What Michael Angelo saw as an Italian patriot was the fast coming decadence of his country and a social revolution which had brought the meaner and more grasping tendencies of life to the front. His ” Moses” was the pro-test against a worship of the golden calf which he saw in his own time and which had embittered his own life.

In the same way his Tombs of the Medici are well known to have been in his own view and that of his time, the tombs of the Florentine Republic. Made in the service and for the glory of a family which he hated, he disguised in these works the sorrow of the patriot and the regrets of the lost cause.

The tombs are those of the last two legitimate members of the Medici family, Giuliano and Lorenzo. Their seated figures are placed in niches, beneath which are the sarcophagi supporting respectively figures of “Dawn ” and “Twilight,” “Day and Night.” “Dawn” and “Twilight” are allegories of the twilight of the expiring moments of life on earth and of the dawn of the spirit life. “Day” and “Night” are conceived as the antitheses of life and death. These tombs are in a chapel of the Florentine Church of San Lorenzo, whose erection by Brunellesco has been mentioned (p.73), and were finished about 1534.

Of earlier date, about 1513, are the two “Captives” now in the Louvre. An entire series of these figures was to have surrounded the tomb of Julius II., emblematic of the arts and sciences held captive by Julius II. and dying with him. After the death of the pope the diminished plan of his tomb made it impossible to connect these finished figures with it, and they found their way to France.

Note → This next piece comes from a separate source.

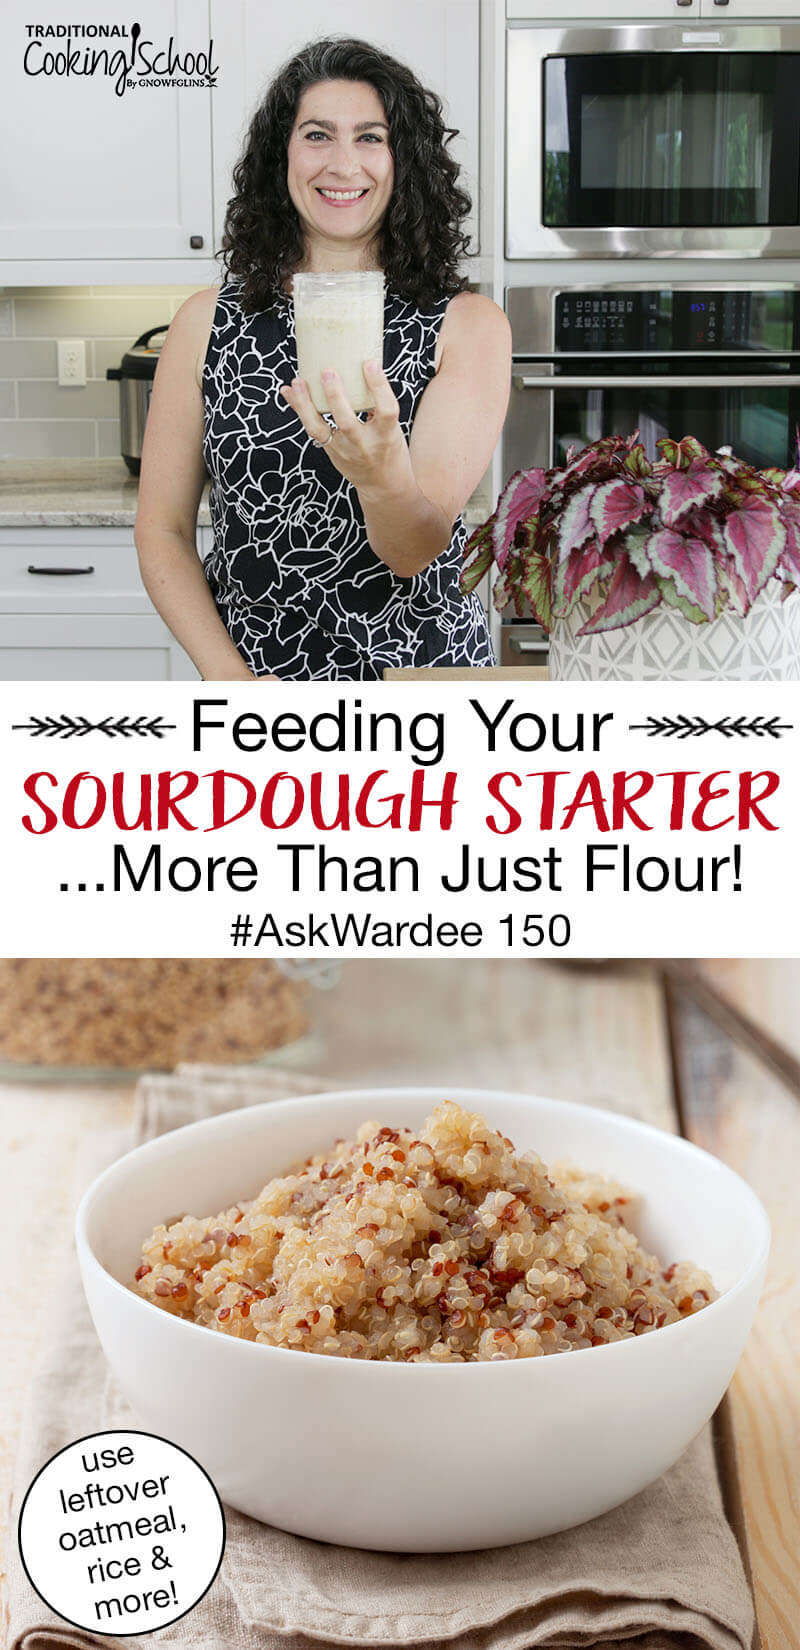 photo collage of white bowl of quinoa, and smiling woman in a kitchen holding out her small jar of sourdough starter with text overlay: "Feeding Your Sourdough Starter...More Than Just Flour! #AskWardee 150 (use leftover oatmeal, rice & more!)"
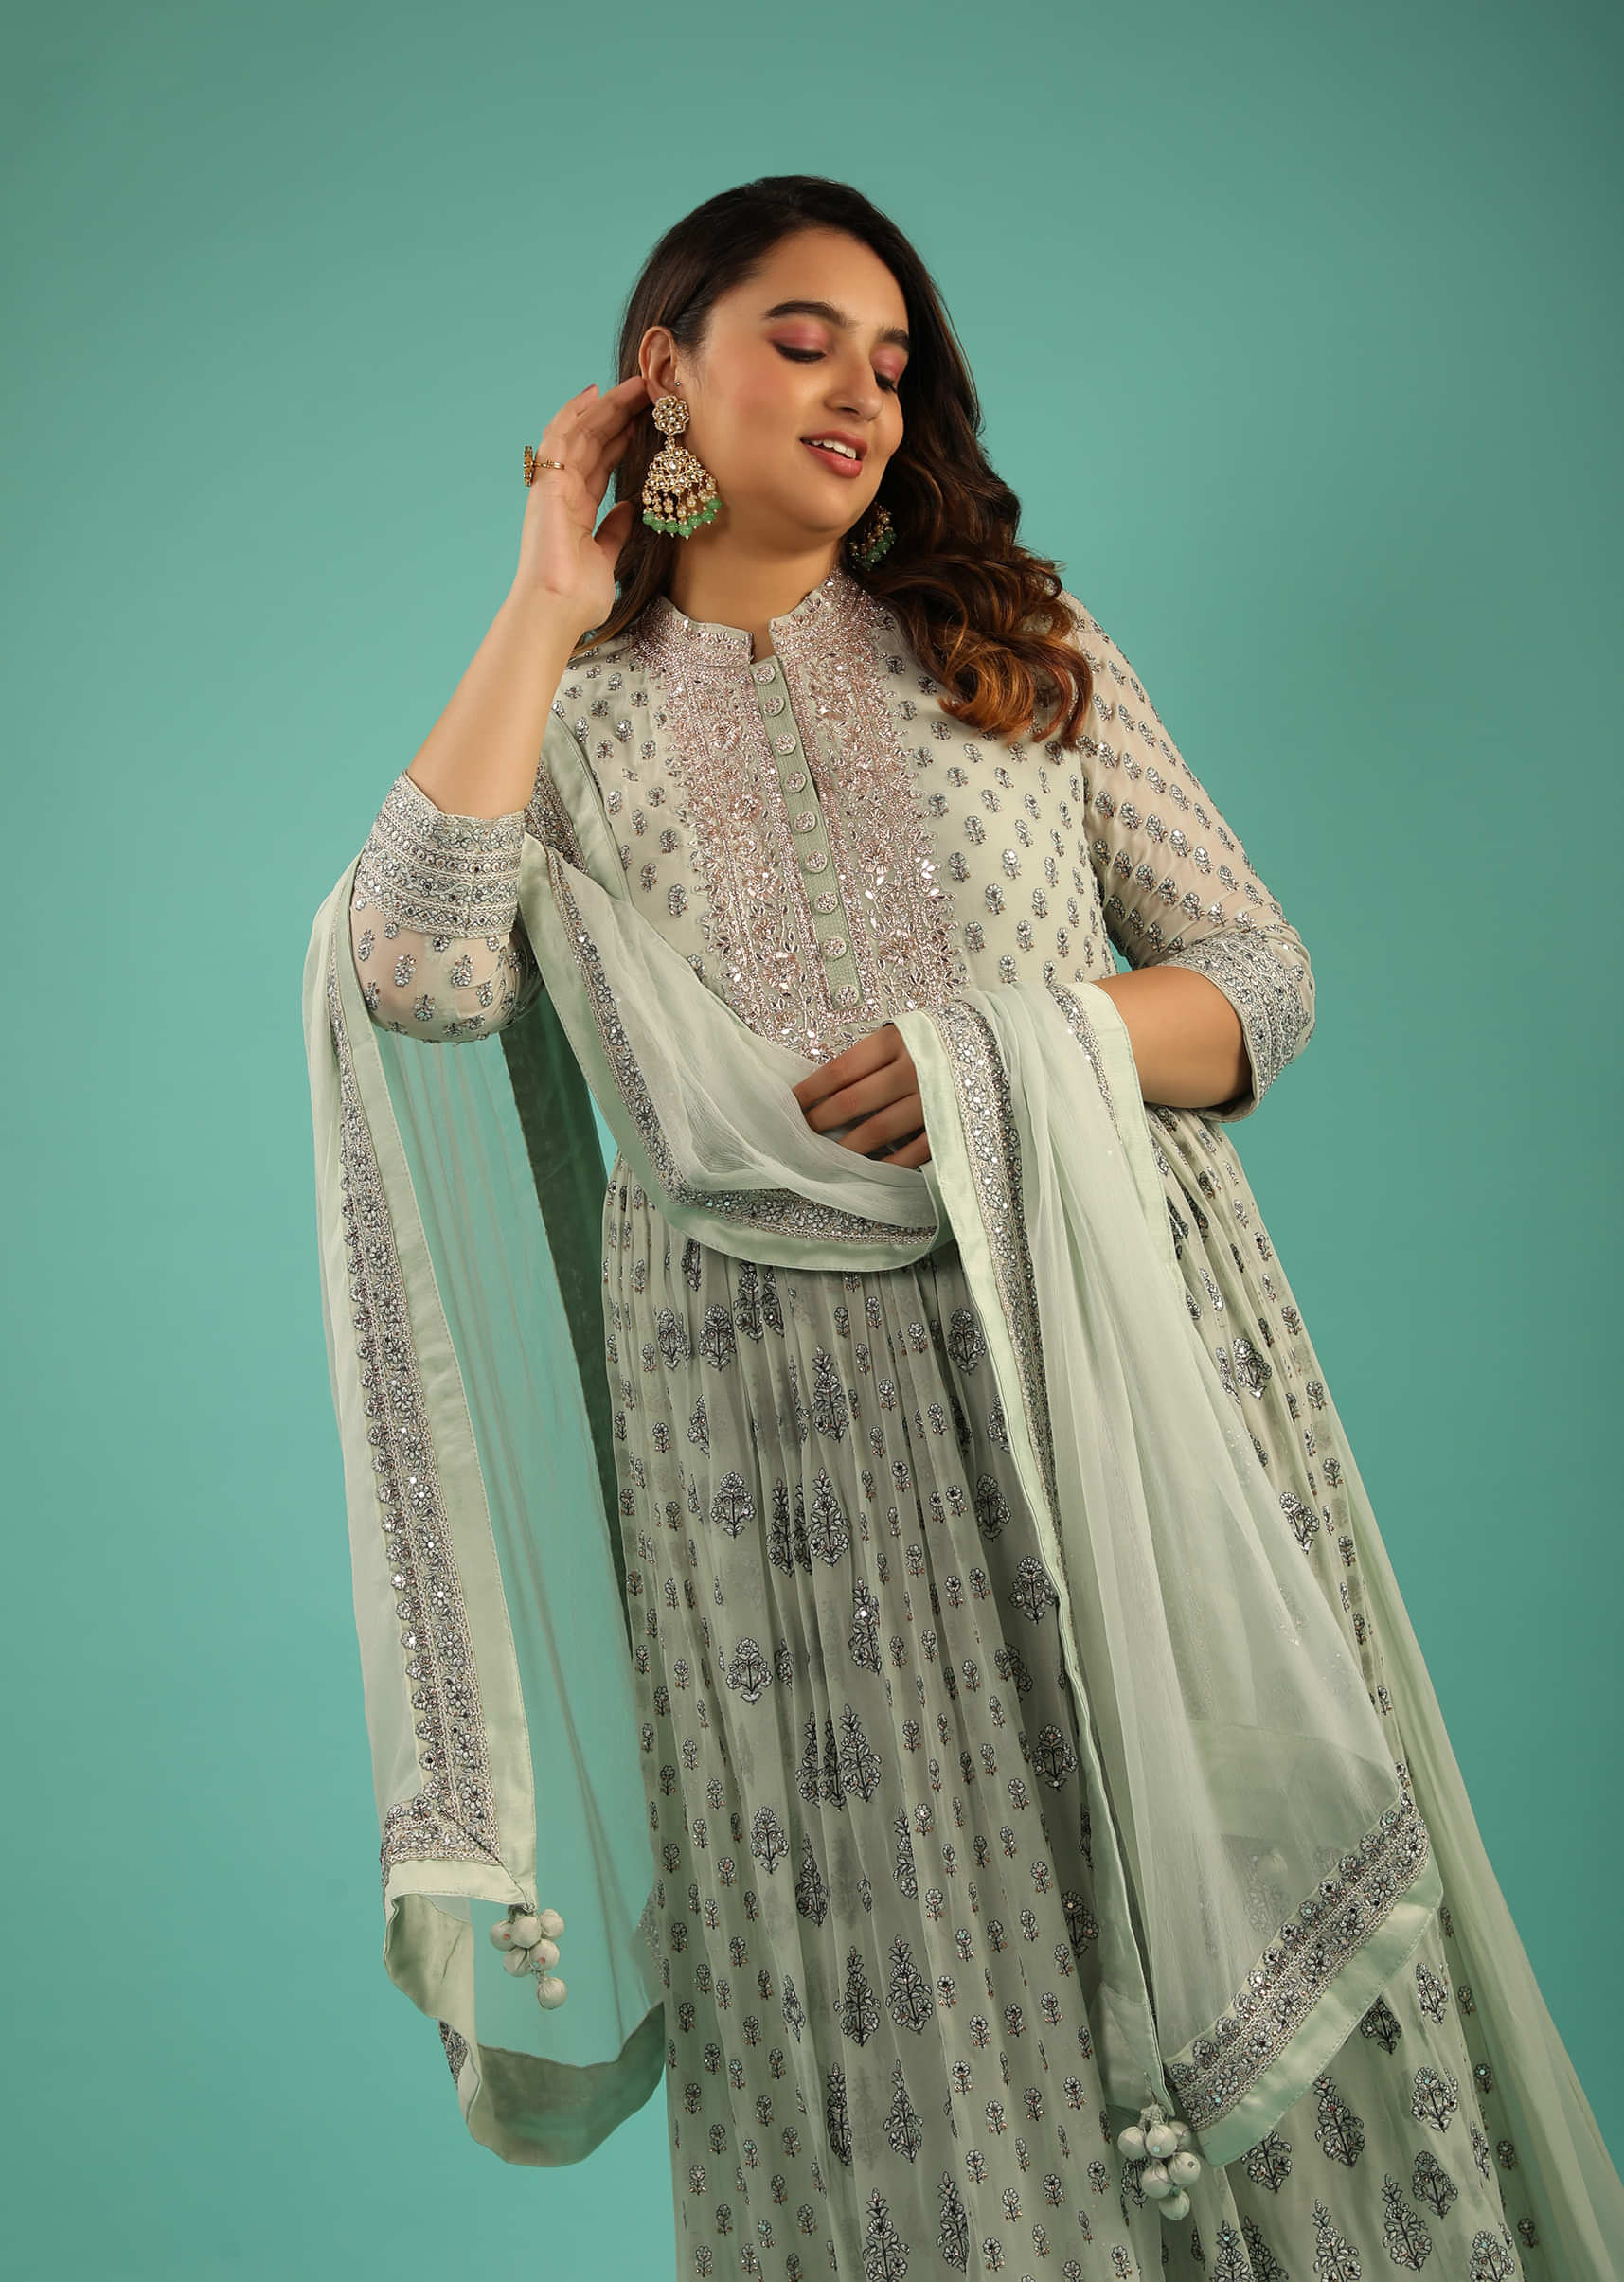 Dusty Green Anarkali Suit In Georgette With Resham And Mirror Embroidered Floral Buttis And Chiffon Dupatta

Here again the prophetic misanthropy of Michael Angelo has its own inner meaning. We have seen how the court of Leo X. was one of mainly borrowed glories (p. 140), and how the invasions of Milan and Naples at the close of the fifteenth century had already indicated the approaching downfall of Italy. The pontificate of Julius II. was devoted to the expulsion of the foreign invaders of Italy. His death was the signal for new invasions whose results after 1520 we have described. There is no doubt that the political foresight of the artist had its part in this allegory of the Captives. Certainly their prophecy was fulfilled.

Contortions and twistings of the human figure are the sign manual of the artist’s mood in most of these various works, a reflex of his own irritability and unhappiness. No doubt his anatomic studies and desire to produce new and startling effects are also accountable for this manner. At all events he is the first artist in whom we detect the disappearance of early Renaissance unconsciousness and simplicity. (See also notes on the “Last Judgment,” p. 155.) The grandeur of his thought and conception makes it impossible to reckon this mannerism against him, but it infected the imitators and weaker followers of his greatness.

The inflated style of the decadence found its type in Michael Angelo. In his very protest against the coming epoch he was fated to influence its forms.

In the two greatest early works of this sculptor we find a more dignified and serener art. These are his colossal David in Florence and the Dead Savior in the lap of the Virgin in St. Peter’s at Rome. His earliest youthful work, the mask of a Faun, is still preserved in Florence. Here also are his statues of Bacchus and Adonis. The list of his important works also includes the Cupid at South Kensington in Lon-don, a Madonna in Bruges, and the Christ of the Church of Santa Maria Sopra Minerva in Rome.

The story of Michael Angelo’ s life as told by Vasari, who personally knew him, is an almost essential thing to the comprehension of his art. Deep piety and warm kindness of heart were cloaked by surly manners and concealed by solitude. I have already mentioned Grimm’s ” Life of Michael Angelo” as giving not only the artist’s life, but also the political history of Italy as connected with it. It also contains a summary of the whole Italian art history of the time.